Objective: To investigate the role of Crk-associated substrate lymphocyte type (Cas-L), a downstream signaling molecule of beta1 integrins, in the pathophysiology of rheumatoid arthritis (RA).
Methods: We analyzed human T lymphotropic virus type I (HTLV-I) tax transgenic mice as well as samples from human RA patients. Splenocytes from tax transgenic mice were cultured on mouse endothelial cell-covered Transwell inserts, and cells migrating through the endothelial monolayer were counted. Biochemical studies were performed to analyze the protein expression and tyrosine phosphorylation of Cas-L. Immunohistochemical analysis was performed to detect Cas-L-positive cells that had infiltrated into the joints.

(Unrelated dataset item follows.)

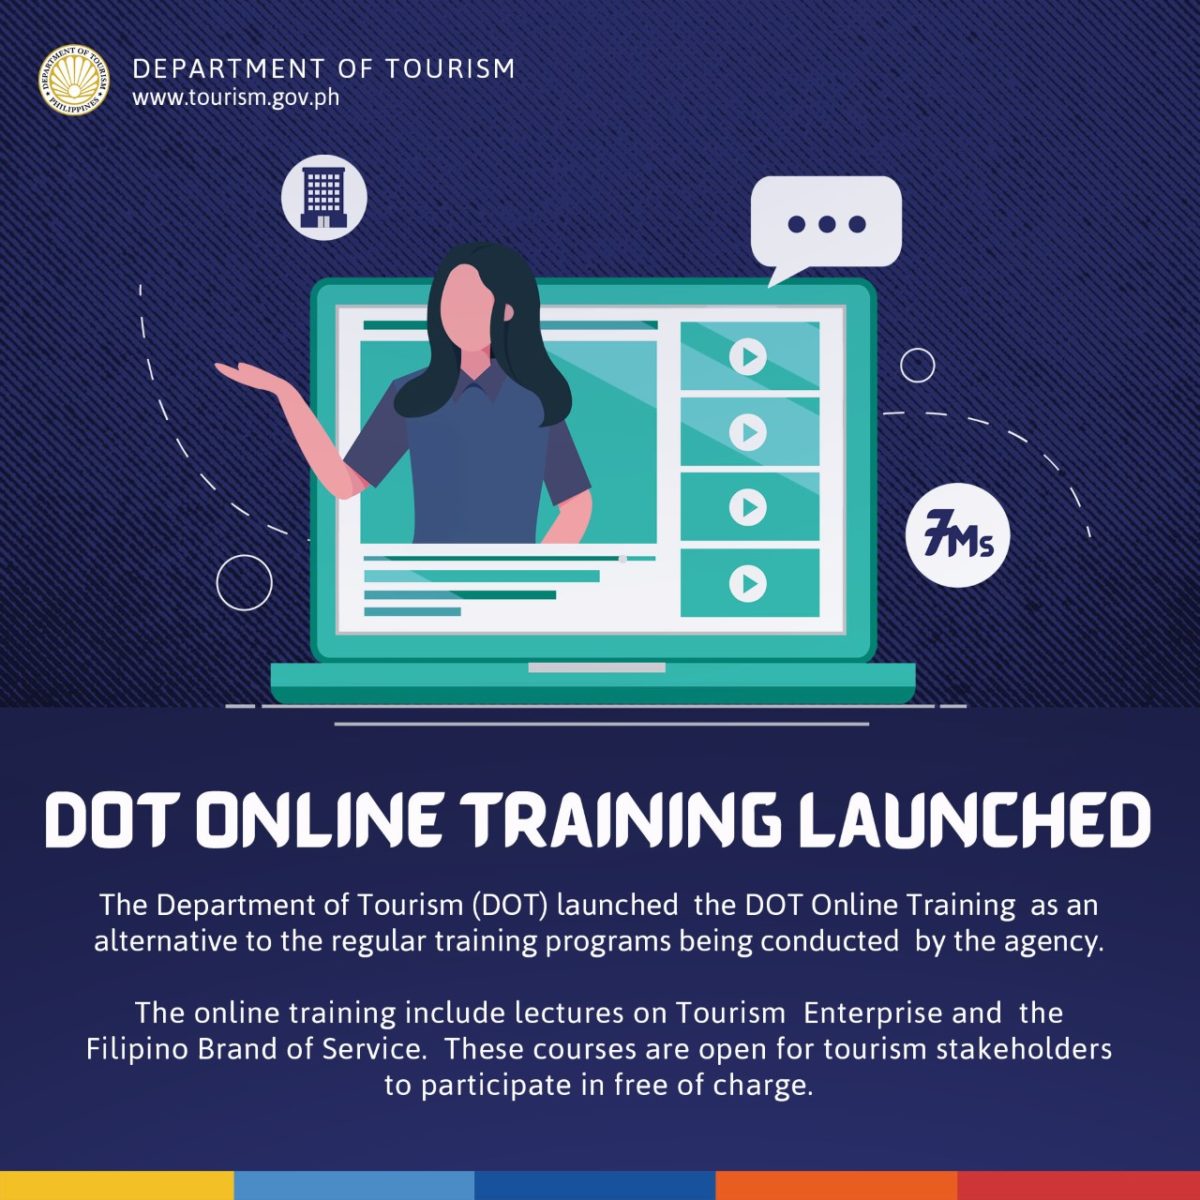 DOT OFFERS ONLINE “ENHANCED OPPORTUNITY” TRAINING FOR TOURISM STAKEHOLDERS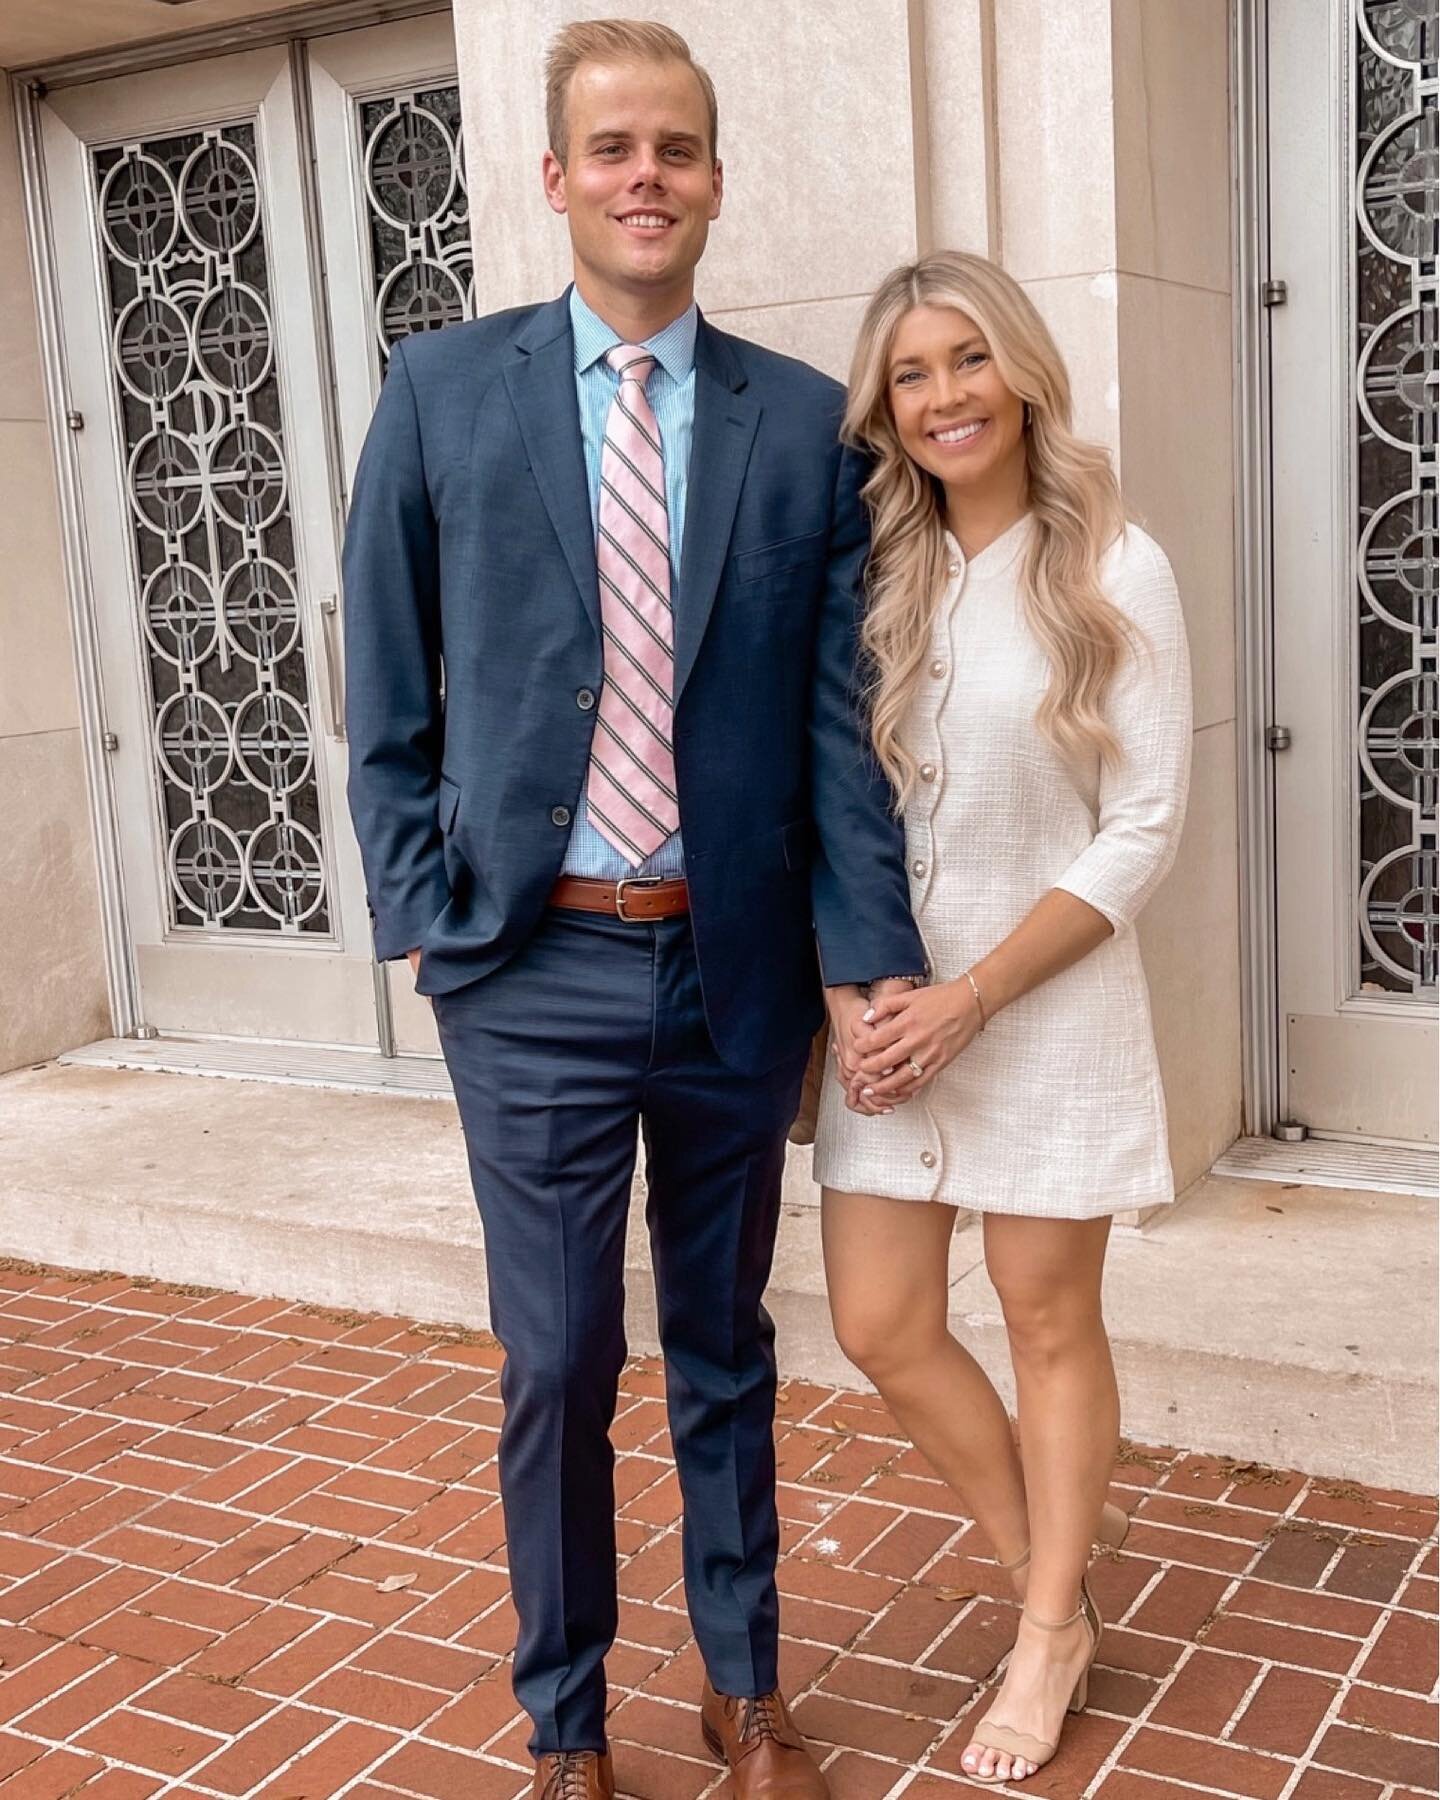 Our happiest Easter yet🤍! This weekend was extra special as Chris was baptized and confirmed into the Catholic Church. Such a wonderful gift to our future together and such a great weekend with our families🤍 I am so proud of this man and grateful f

Results: Migratory activity of splenocytes from tax transgenic mice with arthritis (ATg) was much higher than that of tax transgenic mice without arthritis (NTg) and littermate control mice. The expression of Cas-L protein and its tyrosine phosphorylation were increased in ATg mice compared with NTg and control mice, and this was accompanied by enhanced autophosphorylation of Fyn and Lck. Immunohistochemical analysis demonstrated a large number of Cas-L-positive lymphocytes migrating into the affected joints. Furthermore, in human RA, Cas-L-positive lymphocytes were shown to infiltrate to the inflammatory lesions.
Conclusion: These results strongly suggest that Cas-L plays an important role in the pathophysiology of RA.